How to cover exposed wires outside. Wires that are exposed outside of a house are not only vulnerable to weather damage and animal damage, they also present a potential electrical hazard.
In most building codes, exposed wires must be covered or you will be fined.
A conduit, ideal for this sort of situation, covers an exposed wire from the point of attachment inside your home to the point where it attaches to an outside device.
When covered, these wires present less of a disposal hazard, with the added benefit that they can last years longer before needing replacement most likely due to wear and tear as opposed to any form of damage.
How to cover exposed wires outside
Just use pipe straps that you can attach to either brick walls or siding. It works just as well either way. Attach a pipe strap over the conduit to the wall every 6 feet, using screws to secure it properly.
Disconnect the Electrical Circuit
First, turn off the power to the electrical circuit you will be working on.
Next, be careful not to crack or break this trim, because you’ll need to put it back on later when you’re done with the project.
Removing these baseboards is crucial as baseboards add structural and aesthetic value to your home.

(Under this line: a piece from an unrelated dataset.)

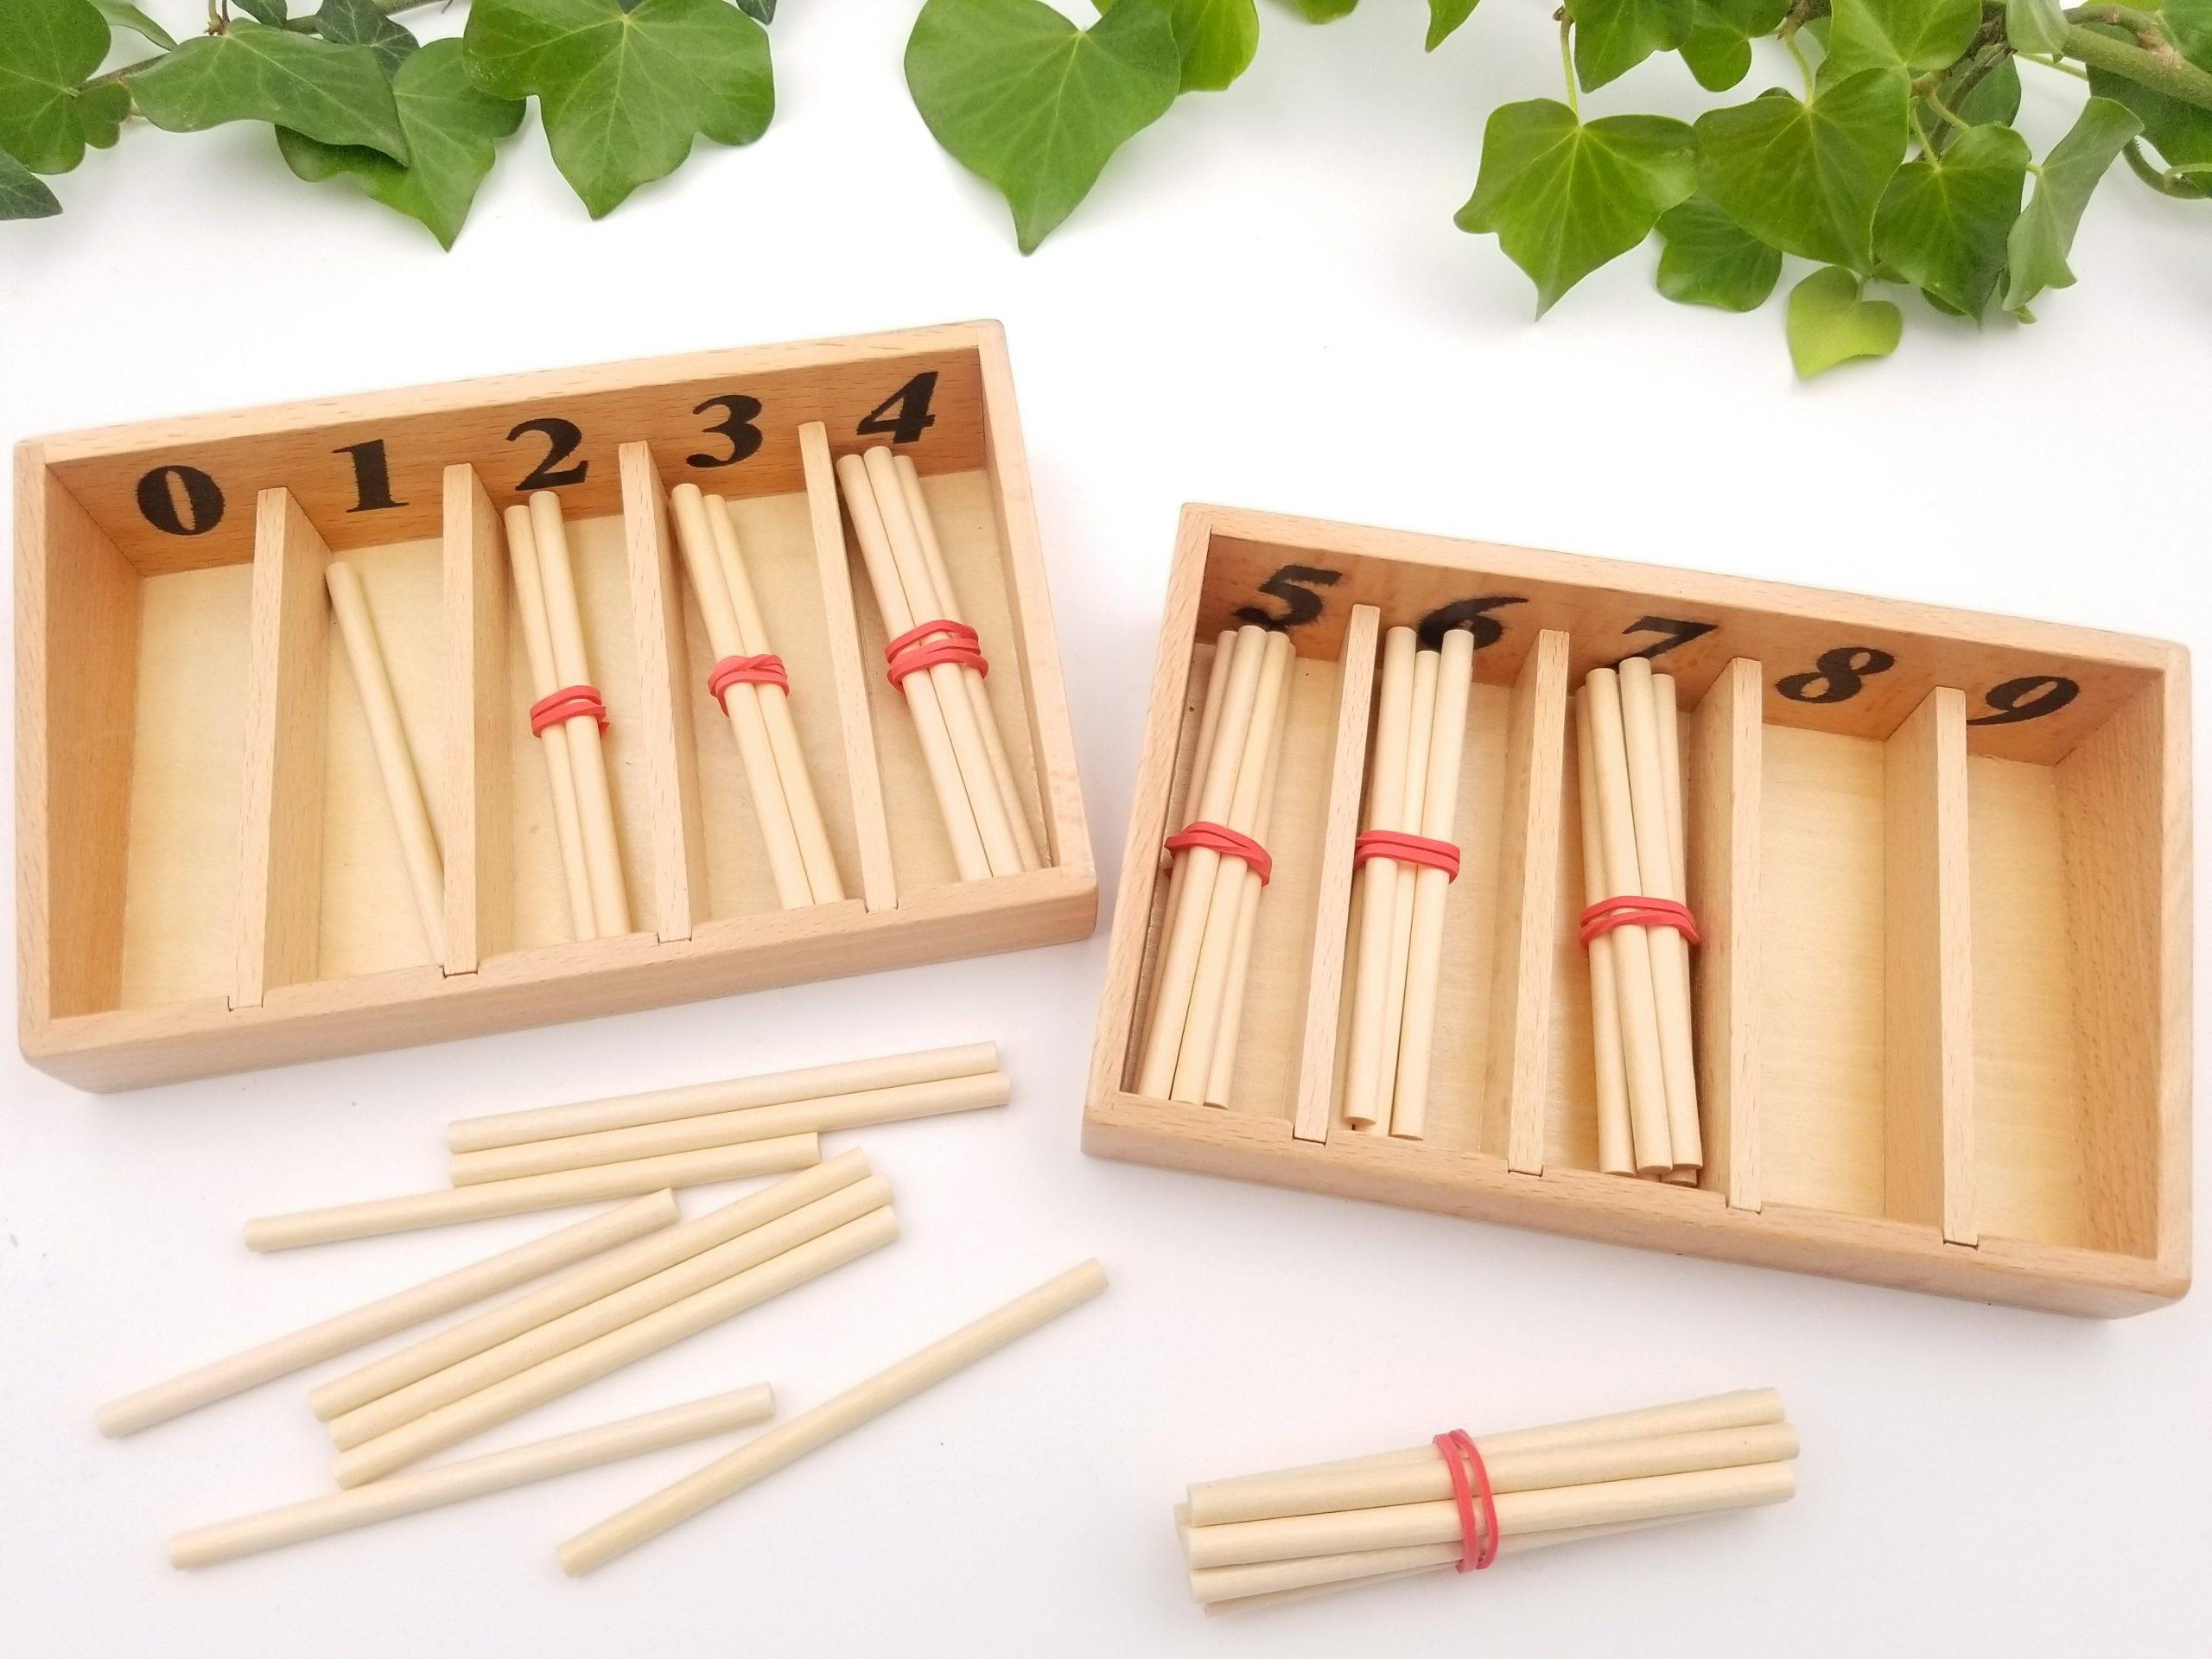 Fuseaux Montessori bâtonnets pour compter, boite fuseaux montessori

Finally, you’ll reduce the risk of electric shock or injury while doing your part in protecting your family and other people who visit your home.
Check the Drywall near the Floor
Check the drywall near the floor. To run cables along the bottom of a wall, you need about a half-inch of space between the floor and the wall.
If the drywall extends to within that half-inch zone, you’ll have enough room for running wire beneath it into another room.
If not, you’ll have to cut out a portion of the baseboard and create a small channel in order to accommodate both wires beneath it with ample room for them to be anchored tightly against one another as you reinstall them later on.
Remove the Cover from the Receptacle
Put on a pair of goggles. Remove the cover plate from the receptacle and pull the outlet from the electrical box.
Make sure that there is no knockout in the wall where you want to put your new outlet meaning it should look exactly like this: E).
if not you can use a hammer and screwdriver to remove it. Cut a small notch at the base of the drywall so that the cables can be pushed through.
Prepare the area for the new Electrical Box
Remember to use a tape measure as it will come in handy in the long run. Mark out the dimensions of the electrical box and then start cutting according to those dimensions.
It is extremely important that you ensure the measurements are accurate because if they’re not exactly right, your new outlet could look like something out of an architecture class on a building project gone wrong.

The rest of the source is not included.